*REQUIREMENT:*
The response must contain every line from the records below that has "Jersey".

*Collected data:*

______________________________

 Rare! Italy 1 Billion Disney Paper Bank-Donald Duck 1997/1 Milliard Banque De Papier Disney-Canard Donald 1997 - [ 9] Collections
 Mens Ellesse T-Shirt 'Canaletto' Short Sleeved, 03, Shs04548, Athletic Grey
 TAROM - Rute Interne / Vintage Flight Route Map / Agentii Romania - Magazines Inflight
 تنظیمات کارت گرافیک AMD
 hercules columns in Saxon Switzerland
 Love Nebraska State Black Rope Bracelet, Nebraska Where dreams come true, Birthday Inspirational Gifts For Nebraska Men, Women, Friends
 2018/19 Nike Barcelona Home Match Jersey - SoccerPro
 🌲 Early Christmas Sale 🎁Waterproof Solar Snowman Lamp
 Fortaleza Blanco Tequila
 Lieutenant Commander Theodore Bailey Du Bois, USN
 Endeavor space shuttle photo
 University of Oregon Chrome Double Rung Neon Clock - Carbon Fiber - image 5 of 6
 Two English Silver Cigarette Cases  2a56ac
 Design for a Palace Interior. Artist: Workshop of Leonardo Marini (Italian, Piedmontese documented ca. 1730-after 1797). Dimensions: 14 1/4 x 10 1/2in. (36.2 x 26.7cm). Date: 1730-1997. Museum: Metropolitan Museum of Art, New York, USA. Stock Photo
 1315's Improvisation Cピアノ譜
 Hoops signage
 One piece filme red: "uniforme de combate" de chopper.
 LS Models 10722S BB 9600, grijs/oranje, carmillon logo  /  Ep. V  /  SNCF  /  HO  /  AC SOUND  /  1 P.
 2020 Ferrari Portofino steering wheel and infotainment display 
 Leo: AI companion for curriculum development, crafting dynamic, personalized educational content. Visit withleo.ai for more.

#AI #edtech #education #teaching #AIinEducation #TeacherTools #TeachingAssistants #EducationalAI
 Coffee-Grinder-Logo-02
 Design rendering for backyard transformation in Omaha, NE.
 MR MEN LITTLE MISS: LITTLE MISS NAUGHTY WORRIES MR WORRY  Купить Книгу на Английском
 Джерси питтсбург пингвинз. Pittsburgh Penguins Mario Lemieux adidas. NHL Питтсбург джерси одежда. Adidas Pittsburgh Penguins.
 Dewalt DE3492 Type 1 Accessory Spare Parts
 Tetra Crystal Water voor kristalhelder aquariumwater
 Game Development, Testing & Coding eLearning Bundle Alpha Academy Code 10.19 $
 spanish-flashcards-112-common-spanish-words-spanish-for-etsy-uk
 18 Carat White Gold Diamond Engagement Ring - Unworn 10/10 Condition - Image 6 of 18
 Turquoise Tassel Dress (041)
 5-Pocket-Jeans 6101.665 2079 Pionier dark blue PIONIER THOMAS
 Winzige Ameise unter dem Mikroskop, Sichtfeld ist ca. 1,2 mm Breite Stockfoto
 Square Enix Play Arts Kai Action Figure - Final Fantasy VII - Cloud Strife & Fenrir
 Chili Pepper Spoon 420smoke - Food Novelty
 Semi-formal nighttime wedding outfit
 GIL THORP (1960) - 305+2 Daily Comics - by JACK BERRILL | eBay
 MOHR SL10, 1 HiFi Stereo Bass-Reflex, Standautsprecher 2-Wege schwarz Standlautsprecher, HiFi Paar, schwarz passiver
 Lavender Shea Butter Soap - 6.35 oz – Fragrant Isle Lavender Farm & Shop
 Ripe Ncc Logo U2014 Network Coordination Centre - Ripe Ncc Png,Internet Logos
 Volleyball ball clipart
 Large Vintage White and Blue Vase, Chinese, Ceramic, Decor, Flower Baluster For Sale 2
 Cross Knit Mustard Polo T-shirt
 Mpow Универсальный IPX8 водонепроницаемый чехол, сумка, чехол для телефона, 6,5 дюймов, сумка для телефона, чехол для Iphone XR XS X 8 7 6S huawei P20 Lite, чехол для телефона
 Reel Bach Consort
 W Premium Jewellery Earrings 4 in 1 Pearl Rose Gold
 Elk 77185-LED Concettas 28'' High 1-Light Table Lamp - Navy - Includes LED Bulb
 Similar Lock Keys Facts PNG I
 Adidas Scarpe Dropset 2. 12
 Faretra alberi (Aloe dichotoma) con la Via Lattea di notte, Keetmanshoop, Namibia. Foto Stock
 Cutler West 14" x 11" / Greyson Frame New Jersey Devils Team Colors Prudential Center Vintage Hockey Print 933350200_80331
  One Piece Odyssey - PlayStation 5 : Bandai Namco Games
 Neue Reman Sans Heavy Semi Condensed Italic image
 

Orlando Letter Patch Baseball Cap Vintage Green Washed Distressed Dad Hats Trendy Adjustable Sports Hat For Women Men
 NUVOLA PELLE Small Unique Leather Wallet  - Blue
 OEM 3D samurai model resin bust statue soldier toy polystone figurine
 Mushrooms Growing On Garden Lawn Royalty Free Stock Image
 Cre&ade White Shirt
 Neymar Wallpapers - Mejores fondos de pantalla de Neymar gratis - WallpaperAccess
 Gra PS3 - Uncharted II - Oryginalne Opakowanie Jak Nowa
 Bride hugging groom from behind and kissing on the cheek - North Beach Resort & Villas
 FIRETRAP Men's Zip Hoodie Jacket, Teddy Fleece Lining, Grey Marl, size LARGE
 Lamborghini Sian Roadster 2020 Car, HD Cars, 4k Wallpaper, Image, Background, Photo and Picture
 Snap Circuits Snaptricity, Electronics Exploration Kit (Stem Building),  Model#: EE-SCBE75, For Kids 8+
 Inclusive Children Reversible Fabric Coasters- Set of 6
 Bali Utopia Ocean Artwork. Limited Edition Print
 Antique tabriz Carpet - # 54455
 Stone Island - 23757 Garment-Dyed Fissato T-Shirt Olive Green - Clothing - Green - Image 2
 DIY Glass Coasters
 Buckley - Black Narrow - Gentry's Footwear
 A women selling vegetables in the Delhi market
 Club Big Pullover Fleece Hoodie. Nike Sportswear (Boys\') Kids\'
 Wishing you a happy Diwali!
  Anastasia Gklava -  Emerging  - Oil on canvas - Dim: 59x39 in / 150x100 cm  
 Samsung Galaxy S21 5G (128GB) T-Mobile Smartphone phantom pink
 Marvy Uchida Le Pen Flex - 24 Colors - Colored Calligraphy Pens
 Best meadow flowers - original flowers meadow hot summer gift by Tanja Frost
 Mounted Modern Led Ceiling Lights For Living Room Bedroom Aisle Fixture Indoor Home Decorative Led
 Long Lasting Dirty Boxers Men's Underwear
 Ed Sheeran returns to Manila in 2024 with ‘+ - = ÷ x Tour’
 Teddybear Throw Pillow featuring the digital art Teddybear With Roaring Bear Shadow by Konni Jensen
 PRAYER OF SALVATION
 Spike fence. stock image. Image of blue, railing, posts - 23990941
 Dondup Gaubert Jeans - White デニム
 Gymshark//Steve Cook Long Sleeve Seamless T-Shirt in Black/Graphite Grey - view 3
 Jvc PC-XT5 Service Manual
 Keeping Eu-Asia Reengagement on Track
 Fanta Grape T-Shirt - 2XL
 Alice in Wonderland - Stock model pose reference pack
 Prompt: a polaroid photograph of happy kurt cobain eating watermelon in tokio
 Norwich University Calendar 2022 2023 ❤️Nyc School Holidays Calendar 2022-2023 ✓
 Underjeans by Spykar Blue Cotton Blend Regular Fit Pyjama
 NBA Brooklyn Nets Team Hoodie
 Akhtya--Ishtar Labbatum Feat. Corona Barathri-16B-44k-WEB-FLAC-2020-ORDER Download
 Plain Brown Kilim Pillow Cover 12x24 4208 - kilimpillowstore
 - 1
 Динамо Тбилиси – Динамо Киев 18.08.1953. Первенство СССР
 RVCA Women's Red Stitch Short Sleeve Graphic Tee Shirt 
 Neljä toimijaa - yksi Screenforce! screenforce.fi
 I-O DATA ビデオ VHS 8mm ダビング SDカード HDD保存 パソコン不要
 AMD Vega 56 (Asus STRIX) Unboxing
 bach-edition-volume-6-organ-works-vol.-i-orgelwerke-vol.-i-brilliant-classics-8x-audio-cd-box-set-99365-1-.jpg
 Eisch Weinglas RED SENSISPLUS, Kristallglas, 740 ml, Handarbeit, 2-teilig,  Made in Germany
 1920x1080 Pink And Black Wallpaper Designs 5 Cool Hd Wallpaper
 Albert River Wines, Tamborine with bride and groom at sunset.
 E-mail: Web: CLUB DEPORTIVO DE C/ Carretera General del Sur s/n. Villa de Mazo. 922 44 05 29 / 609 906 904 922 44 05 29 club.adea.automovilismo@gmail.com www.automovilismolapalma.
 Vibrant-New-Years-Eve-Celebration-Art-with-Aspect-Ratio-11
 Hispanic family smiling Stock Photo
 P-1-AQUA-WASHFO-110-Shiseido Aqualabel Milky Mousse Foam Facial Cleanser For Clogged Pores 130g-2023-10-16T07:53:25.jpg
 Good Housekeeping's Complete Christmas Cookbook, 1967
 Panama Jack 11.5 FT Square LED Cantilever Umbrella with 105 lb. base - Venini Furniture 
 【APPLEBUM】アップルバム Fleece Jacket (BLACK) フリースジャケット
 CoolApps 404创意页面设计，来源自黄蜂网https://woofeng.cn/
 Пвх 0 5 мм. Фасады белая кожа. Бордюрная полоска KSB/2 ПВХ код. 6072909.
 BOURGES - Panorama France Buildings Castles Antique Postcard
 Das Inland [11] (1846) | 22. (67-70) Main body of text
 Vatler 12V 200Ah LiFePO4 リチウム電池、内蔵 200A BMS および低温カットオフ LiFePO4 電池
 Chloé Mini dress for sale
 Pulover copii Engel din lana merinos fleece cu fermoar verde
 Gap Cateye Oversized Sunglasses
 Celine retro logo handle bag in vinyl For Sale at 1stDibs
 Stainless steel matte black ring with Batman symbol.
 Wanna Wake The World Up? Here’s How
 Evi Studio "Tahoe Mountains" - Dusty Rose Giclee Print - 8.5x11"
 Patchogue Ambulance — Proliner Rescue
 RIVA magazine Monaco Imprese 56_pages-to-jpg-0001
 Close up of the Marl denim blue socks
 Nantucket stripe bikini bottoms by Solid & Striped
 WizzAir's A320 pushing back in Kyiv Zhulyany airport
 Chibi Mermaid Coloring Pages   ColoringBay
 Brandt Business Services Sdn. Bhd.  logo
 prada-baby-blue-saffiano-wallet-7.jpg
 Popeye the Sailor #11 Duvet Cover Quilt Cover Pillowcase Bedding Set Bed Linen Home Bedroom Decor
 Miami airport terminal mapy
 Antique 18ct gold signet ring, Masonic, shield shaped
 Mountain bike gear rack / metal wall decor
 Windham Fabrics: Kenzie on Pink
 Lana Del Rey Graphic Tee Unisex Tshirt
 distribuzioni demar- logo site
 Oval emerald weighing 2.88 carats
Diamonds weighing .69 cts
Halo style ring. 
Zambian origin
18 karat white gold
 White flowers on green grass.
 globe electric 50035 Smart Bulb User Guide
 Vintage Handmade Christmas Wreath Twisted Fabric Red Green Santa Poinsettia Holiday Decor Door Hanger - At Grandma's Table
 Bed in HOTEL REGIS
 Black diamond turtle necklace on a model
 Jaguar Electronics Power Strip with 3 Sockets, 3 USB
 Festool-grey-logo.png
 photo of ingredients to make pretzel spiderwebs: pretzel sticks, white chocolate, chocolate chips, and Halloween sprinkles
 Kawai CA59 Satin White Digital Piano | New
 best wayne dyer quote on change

______________________________

*FINISHED TASK:*
 2018/19 Nike Barcelona Home Match Jersey - SoccerPro
 Cutler West 14" x 11" / Greyson Frame New Jersey Devils Team Colors Prudential Center Vintage Hockey Print 933350200_80331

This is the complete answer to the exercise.